In this lecture I would like to outline a model of literary education in Latin classes. I draw partly on the conception of German scholars dealing with foreign language literatures, Martin Löschmann and Gisela Schröder.
However, I modify their model considerably, as it is necessary to make it suitable for working with a Latin text (possibly also in translation): in the first place, it is necessary to arouse the pupils' interest in reading the selected passage and to remind them of the cross-curricular knowledge (evocation and motivation). This is where the use of questions, references to visual arts, multimedia or famous quotes, phrases, sentences and proverbs come into play.
The following steps are pretty much obvious to Latinists: language preparation, outlining basic literary and historical and other information, initial perception and understanding of the main idea of the text, checking comprehension, second reading and deeper penetration of the text. The most important part of the model is then the translation and interpretation phase, where the work with intertextuality also plays an important role and which emphasises the active, creative components and the aesthetic values.
The last part is the summary, during which discussions and evaluation should take place.

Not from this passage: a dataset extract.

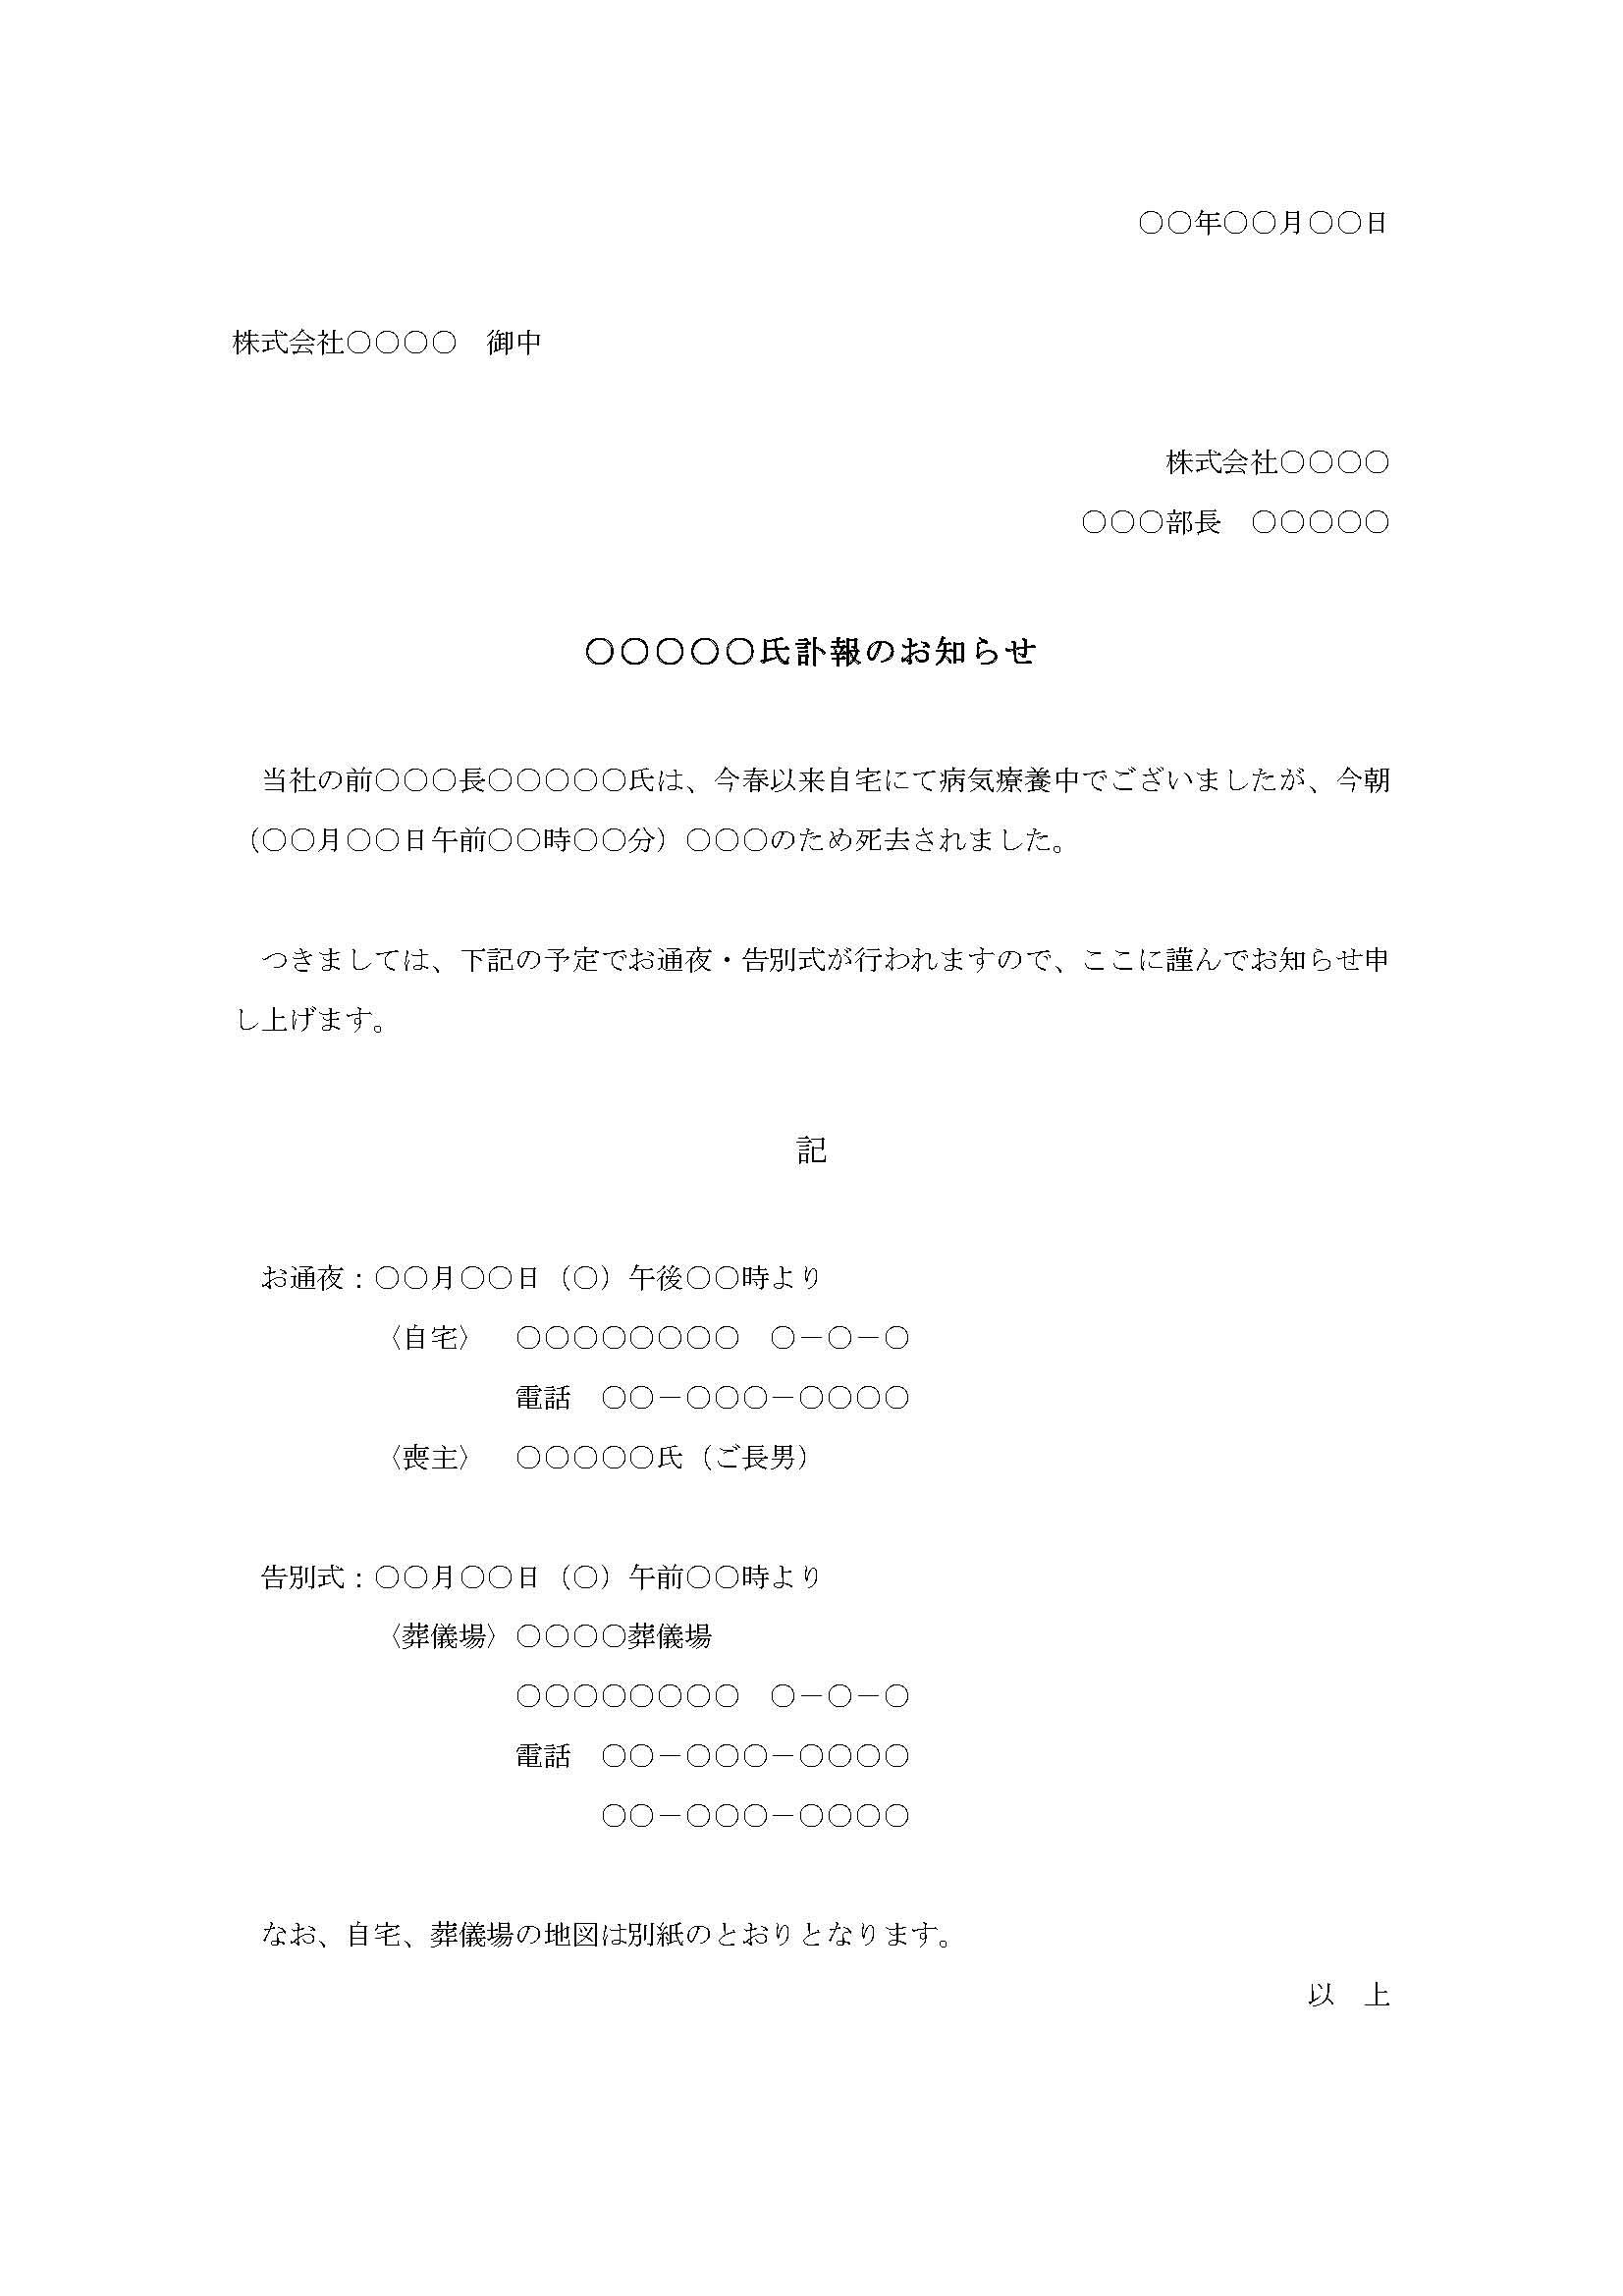 お知らせ(訃報)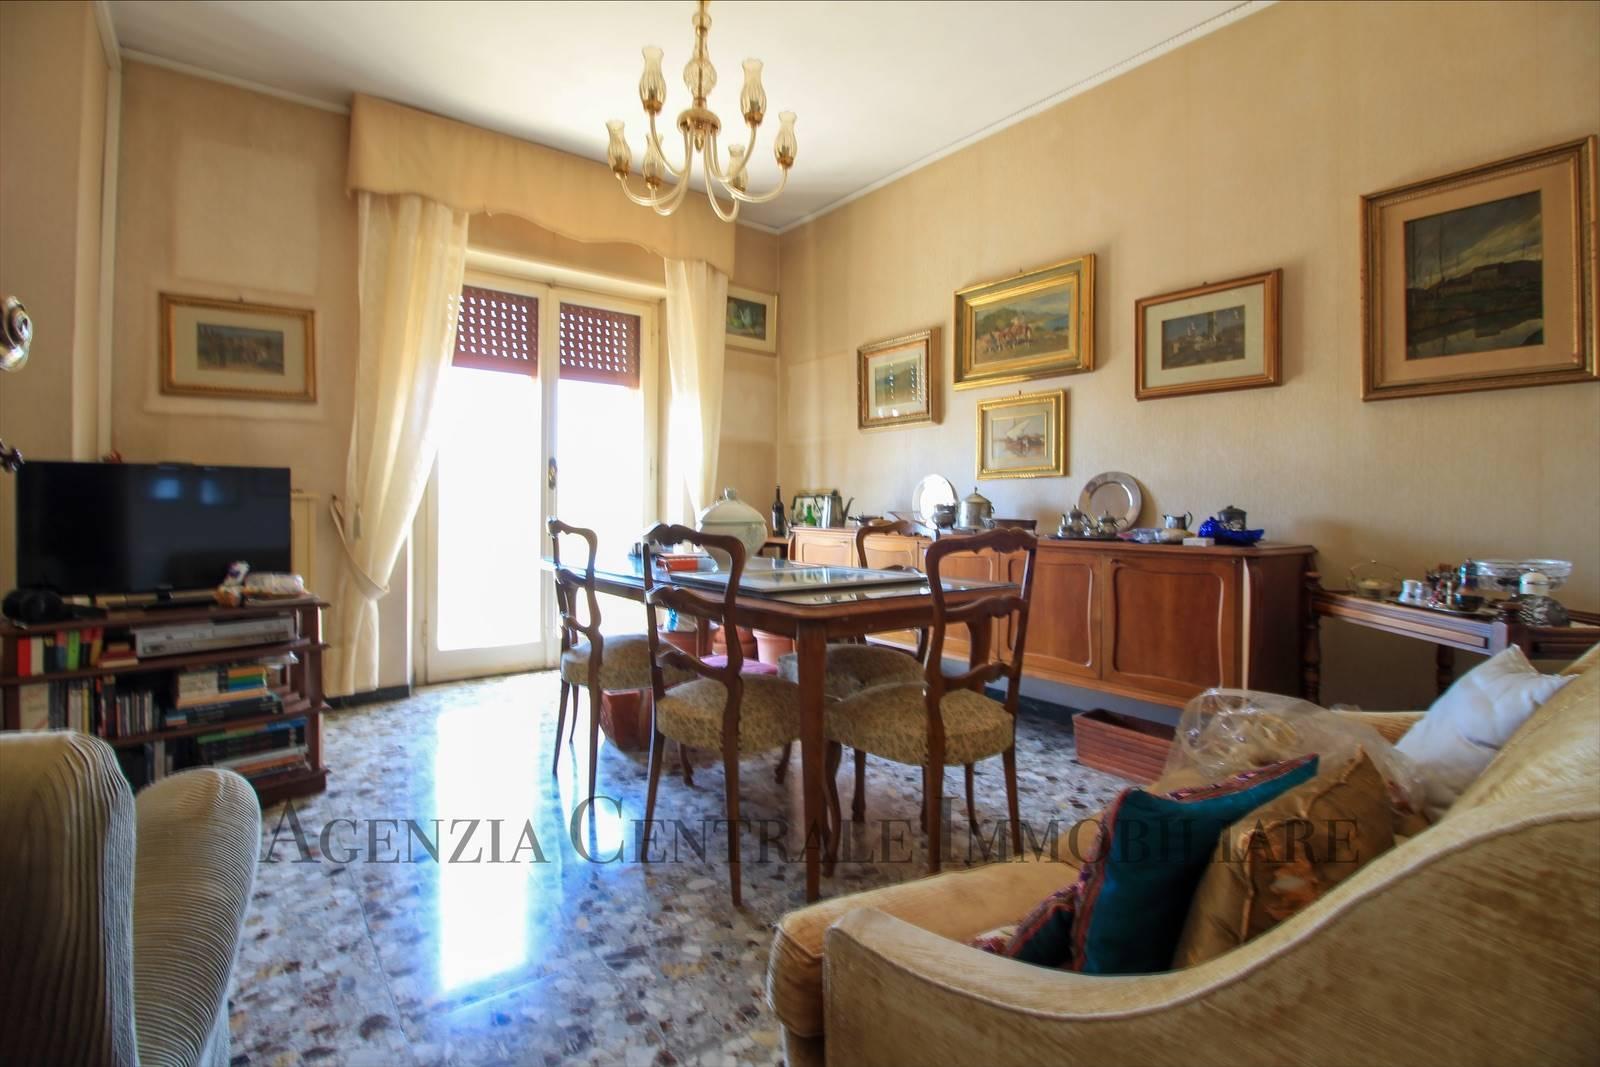 Appartamento in vendita a Grosseto, 5 locali, zona Località: CENTRO CITTÀ, prezzo € 200.000 | CambioCasa.it

The model also envisages subsequent developmental activities - further discussion, dramatisation, didactic games, links to other arts (theatre, film, music, visual arts), work on the reception of Roman literature in domestic and international literature, possibly even creative literary activity of one's own, etc.
Like Löschmann and Schröder, throughout the process I try not to separate the different components of literary education, i.e. the cognitive and the affective.